> [ABOUT THIS EXERCISE]:
Nothing but the pictures may be dropped; the rest of the listing is to be written out exactly.

> [SOURCE DATA]:
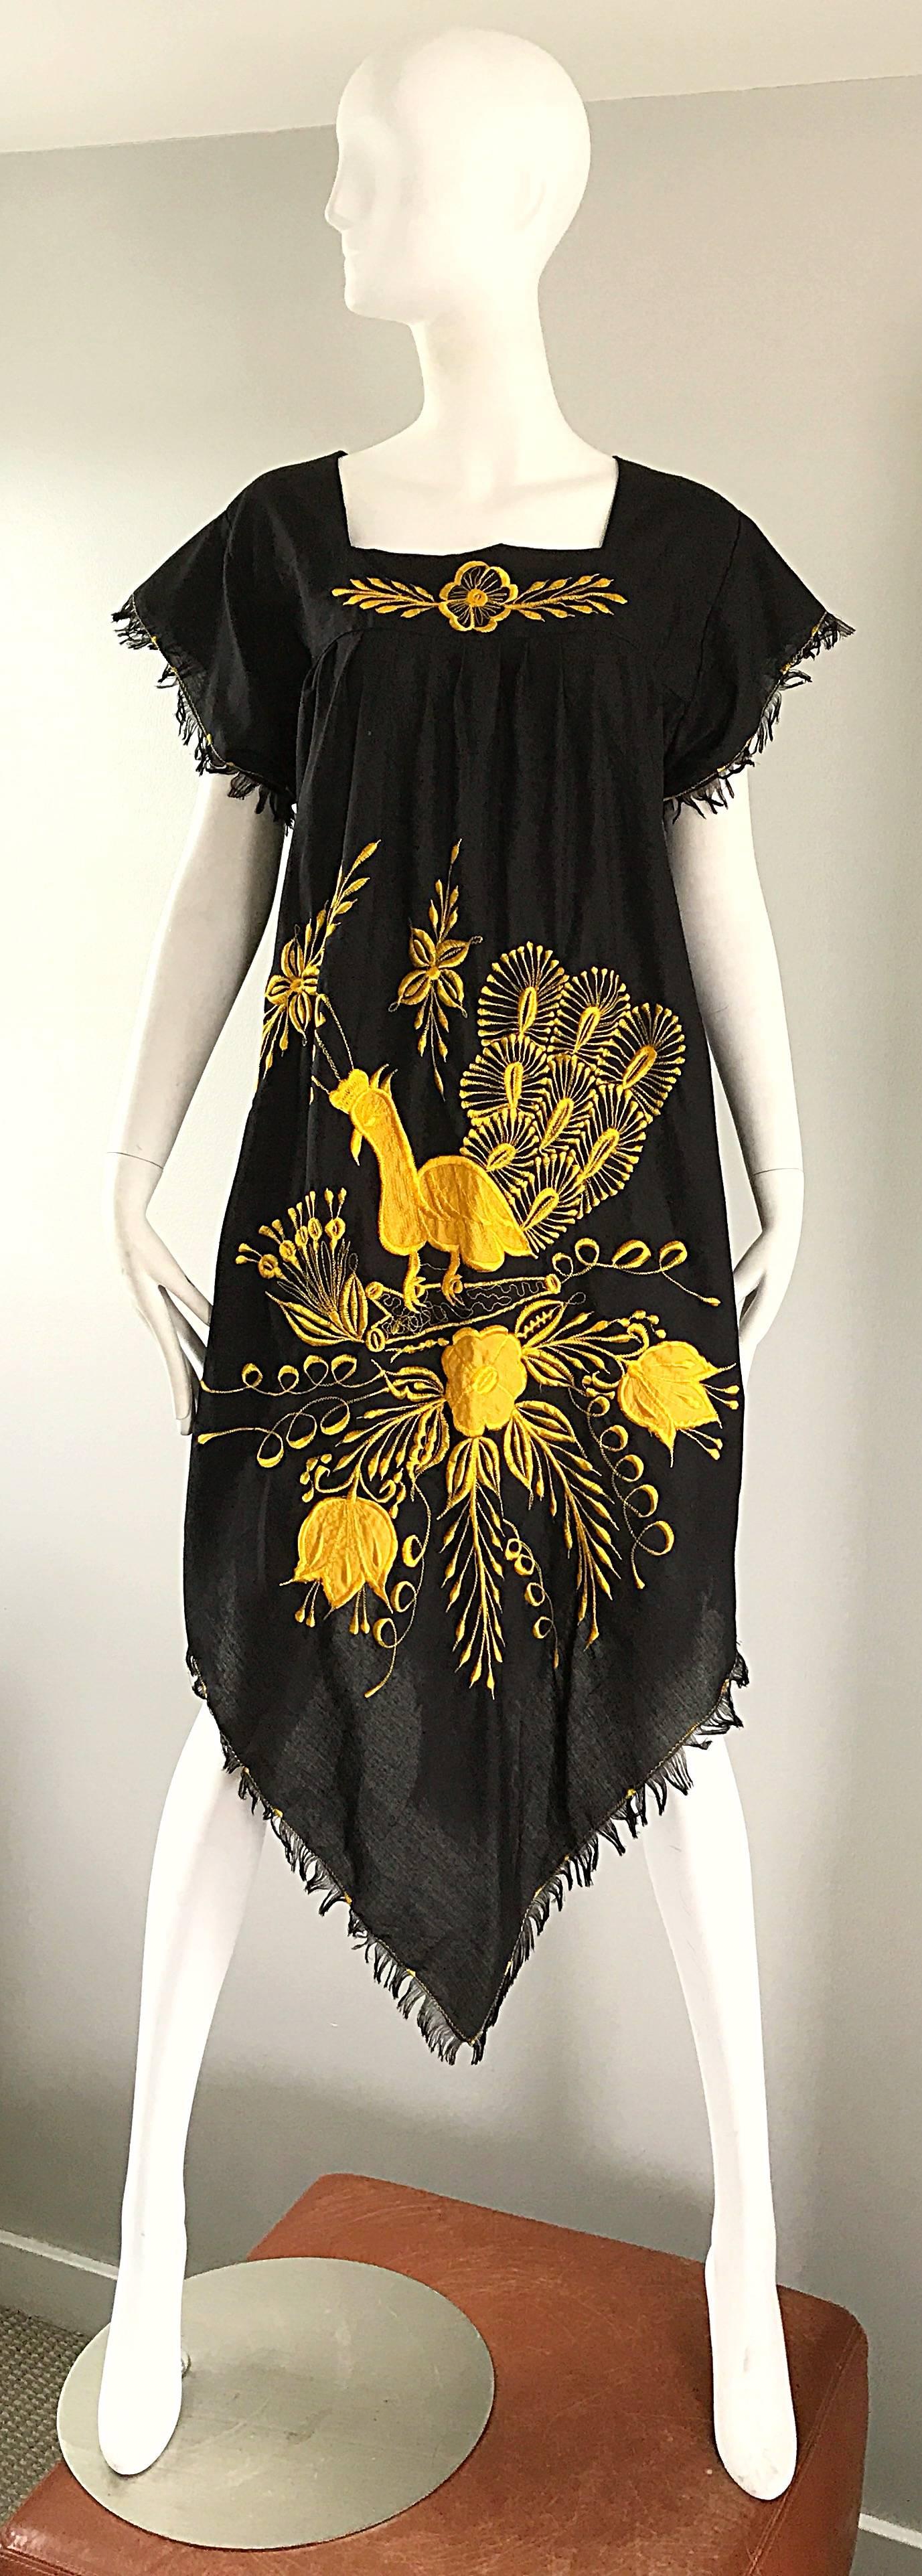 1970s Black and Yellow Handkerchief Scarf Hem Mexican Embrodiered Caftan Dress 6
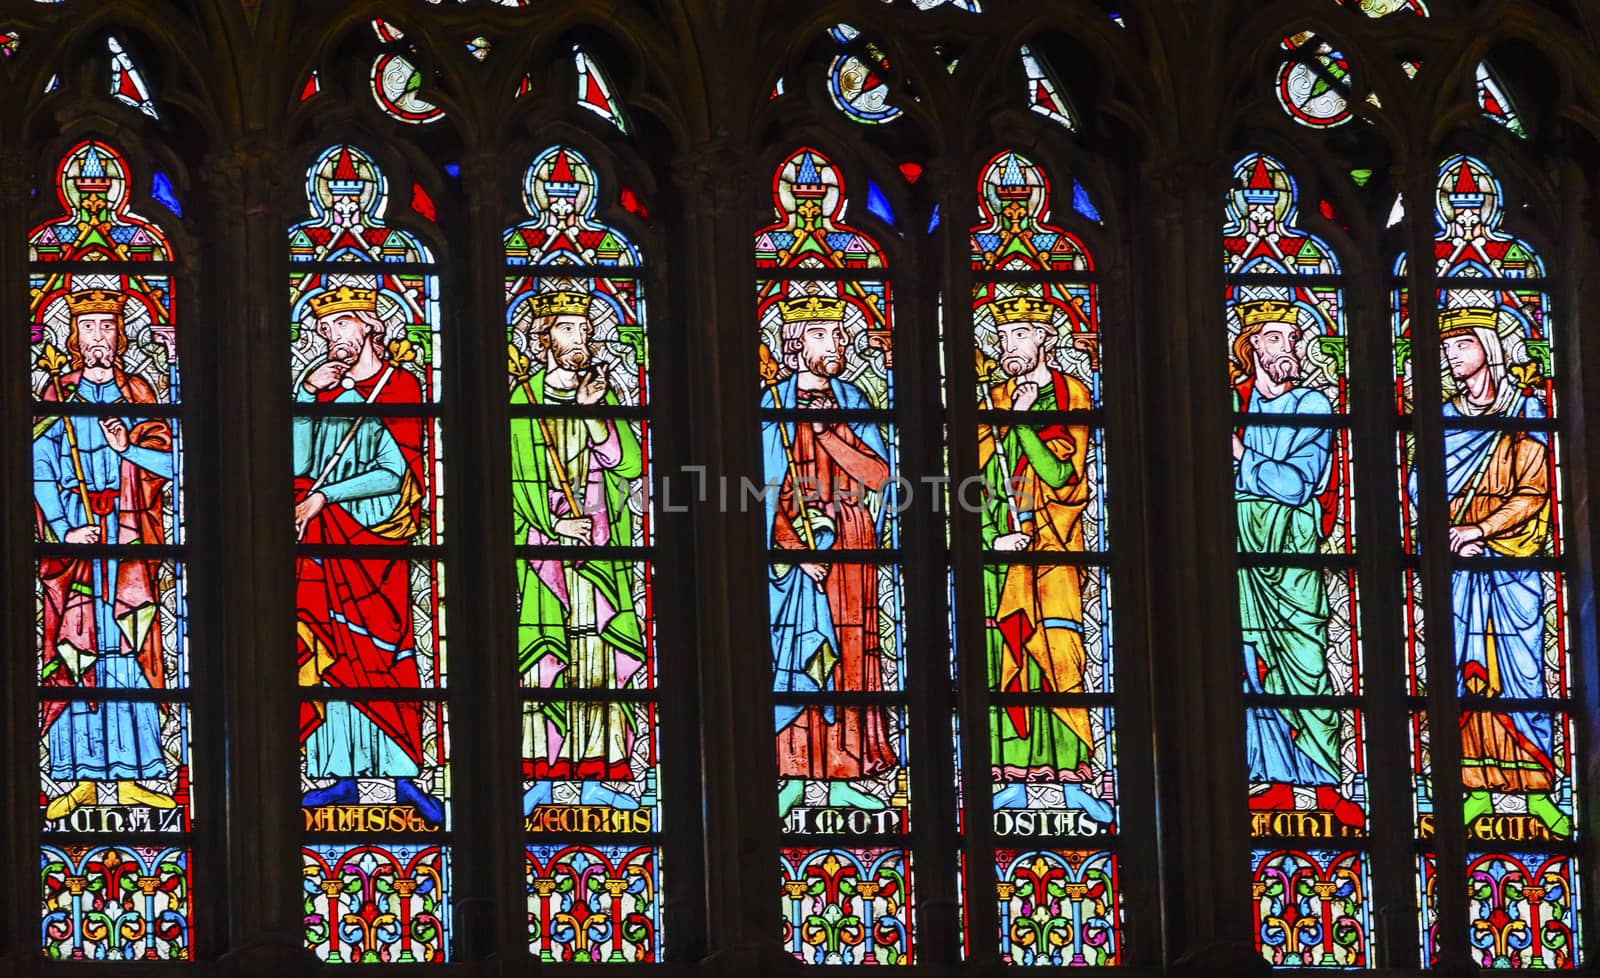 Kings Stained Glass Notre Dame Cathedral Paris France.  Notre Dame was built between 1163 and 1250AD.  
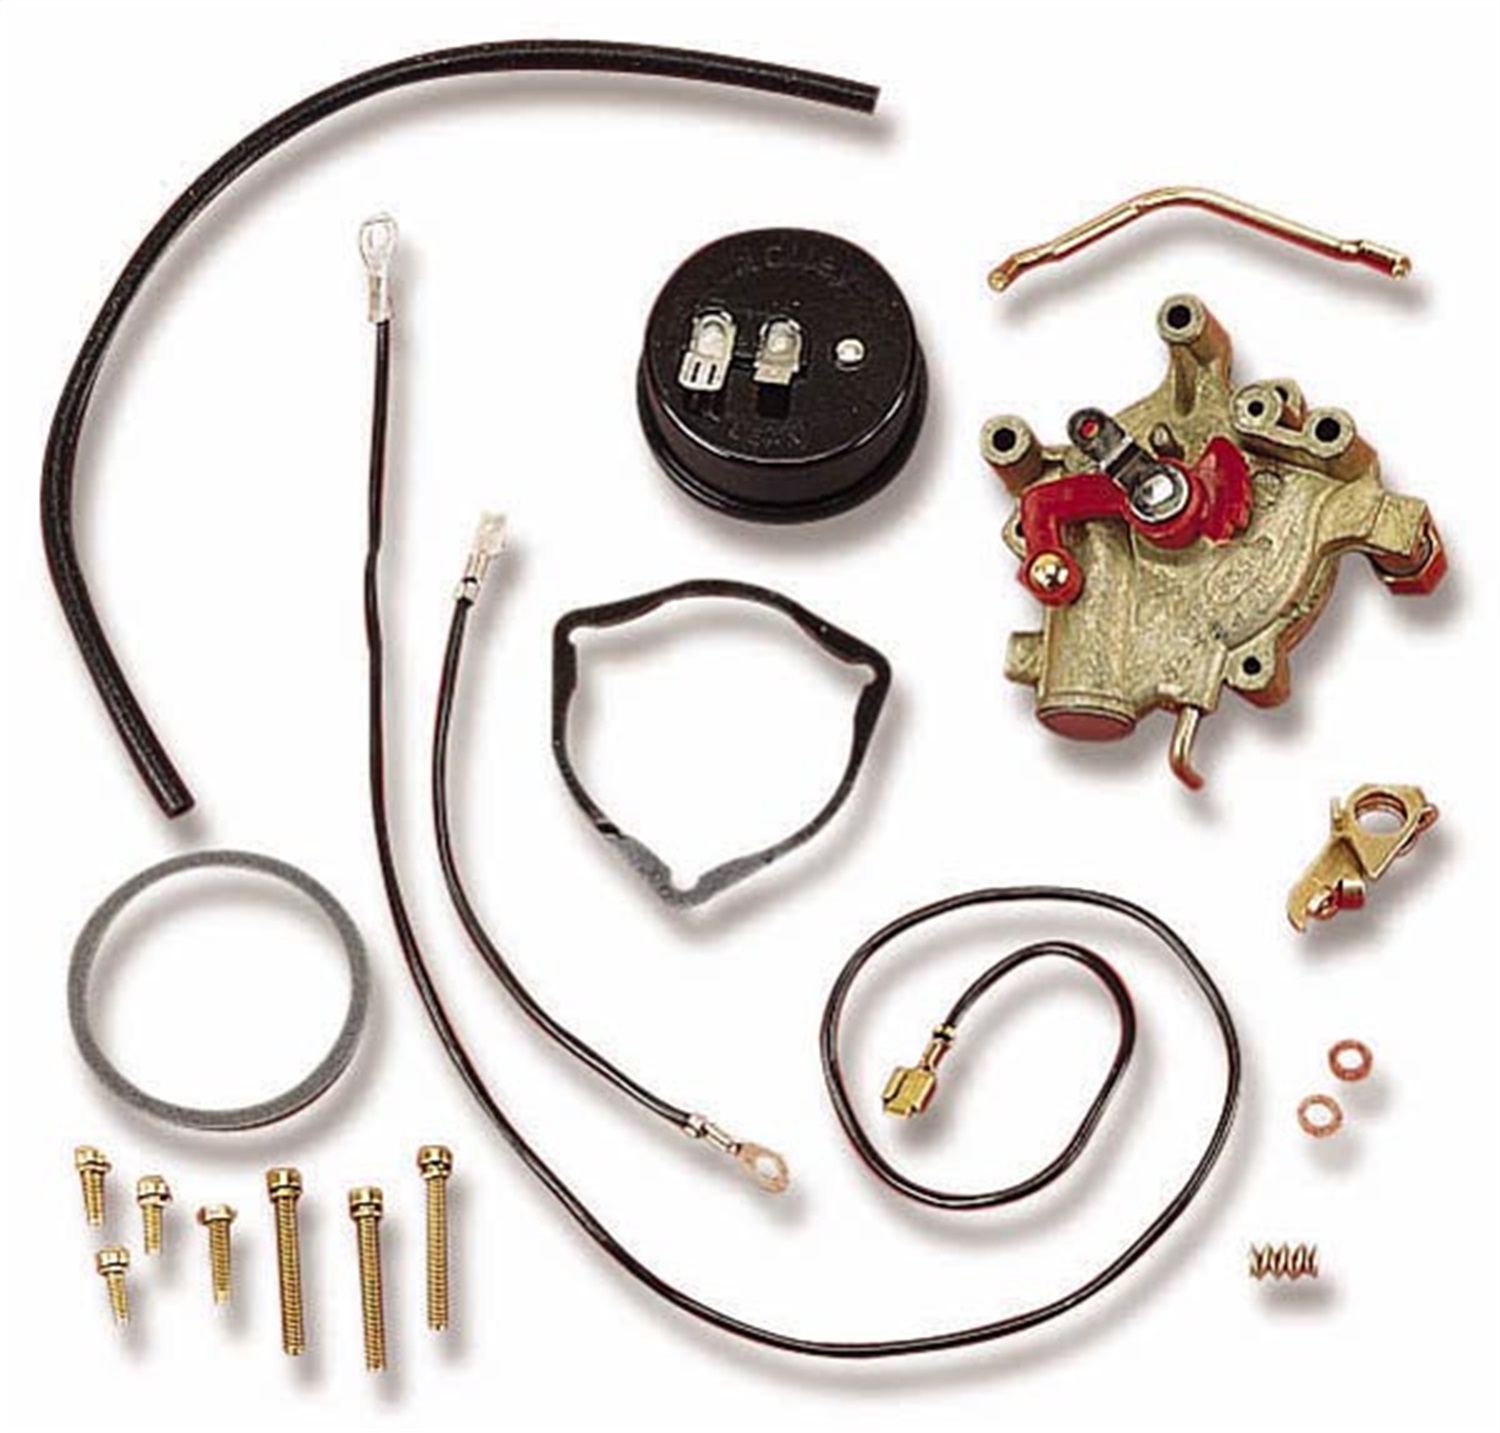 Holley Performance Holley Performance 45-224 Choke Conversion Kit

> [RESULT FOR THIS EXERCISE]:
 1970s Black and Yellow Handkerchief Scarf Hem Mexican Embrodiered Caftan Dress 6
 Kings Stained Glass Notre Dame Cathedral Paris France.  Notre Dame was built between 1163 and 1250AD.  
 Holley Performance Holley Performance 45-224 Choke Conversion Kit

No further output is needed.